We searched Biological Abstracts (BIOSIS Inc., Philadelphia, PA) and Current Contents (Institute for Scientific Information, Philadelphia, PA) for articles published between 1997 and 2001 using combinations of the key words ‘stress’, ‘environmental stress’, ‘fluctuating asymmetry’ and ‘developmental instability’. For each study, we recorded: (i) the taxon; (ii) whether an association between stress and FA was detected; (iii) the number and type (metric or meristic) of traits analysed; (iv) the type of stressor; (v) the design of the experiment; (vi) whether FA was examined separately for each trait or as a composite measure; and (vii) whether the authors had examined the genetic structure of the study population.
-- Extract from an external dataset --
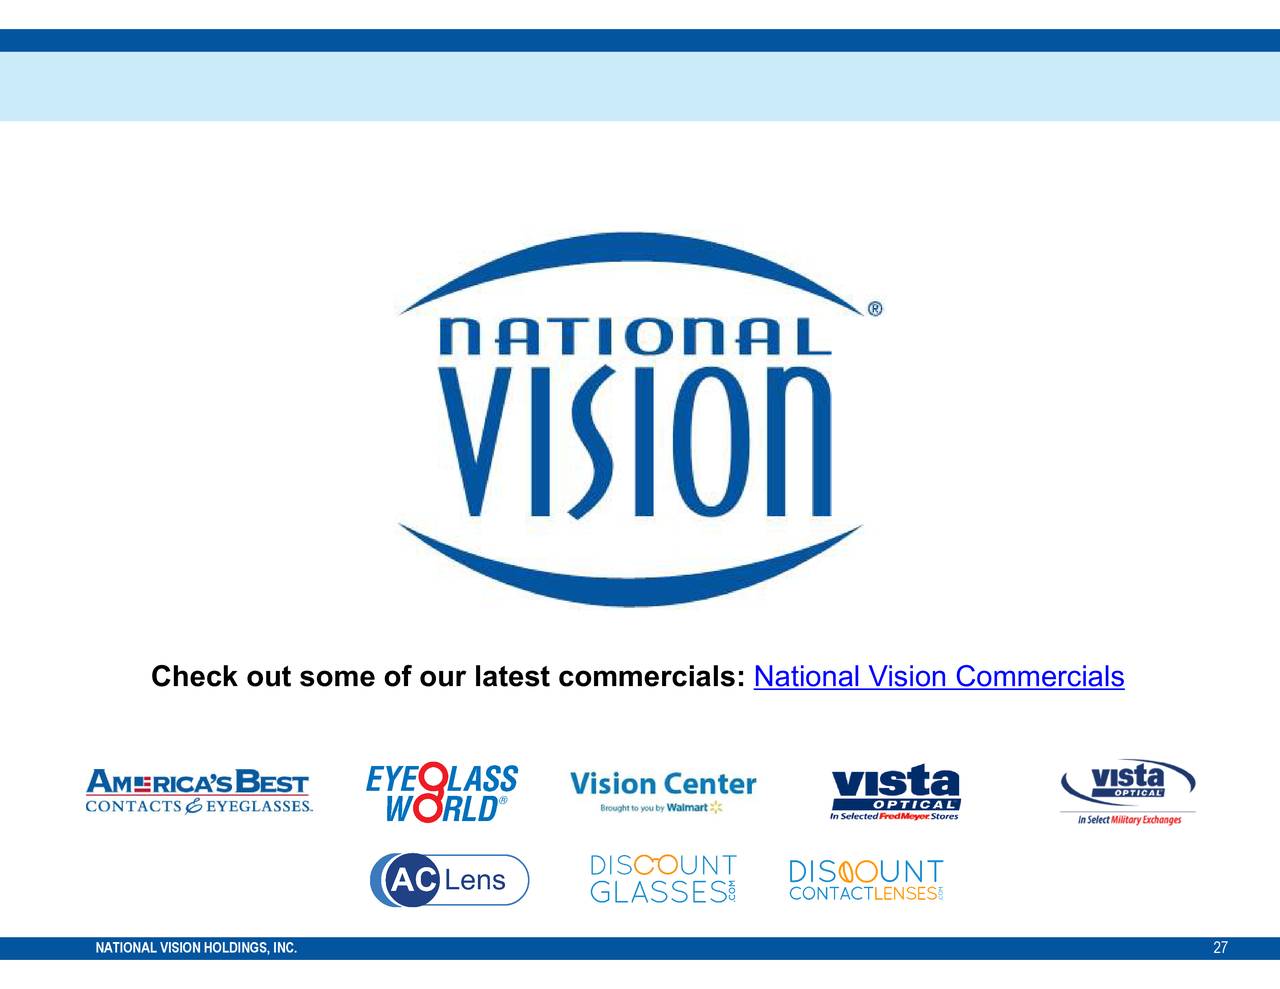 National Vision Holdings, Inc. 2020 Q3 Results Earnings Call

A few studies examined more than one source of stress; we considered the results for each separately.

Results

CONTROL VS. EXPERIMENTAL CHANNELS

For a total of 641 FA measures (individual front, middle and back leg pair spine counts) taken from the control and experimental channels in Valley Spring (Fig. 3), signed left vs. right differences were normally distributed (Wilk–Shapiro) and differences between left vs. right were not significantly different from zero (paired t-test, P > 0·05 in all cases, corrected for multiple comparisons). For those individuals having all three leg pairs intact (n = 172), there was no concordance between the signed (l − r) or absolute differences (/l − r/) for one measure vs. another (r2 < 0·01, P > 0·05 in all cases). Accordingly, we considered all measures to be independent of each other.

Figure 3.

The frequency of signed left minus right differences in tarsal spine counts taken from individual leg pairs of Nemoura trispinosa in Valley Spring, Canada, (n = 641).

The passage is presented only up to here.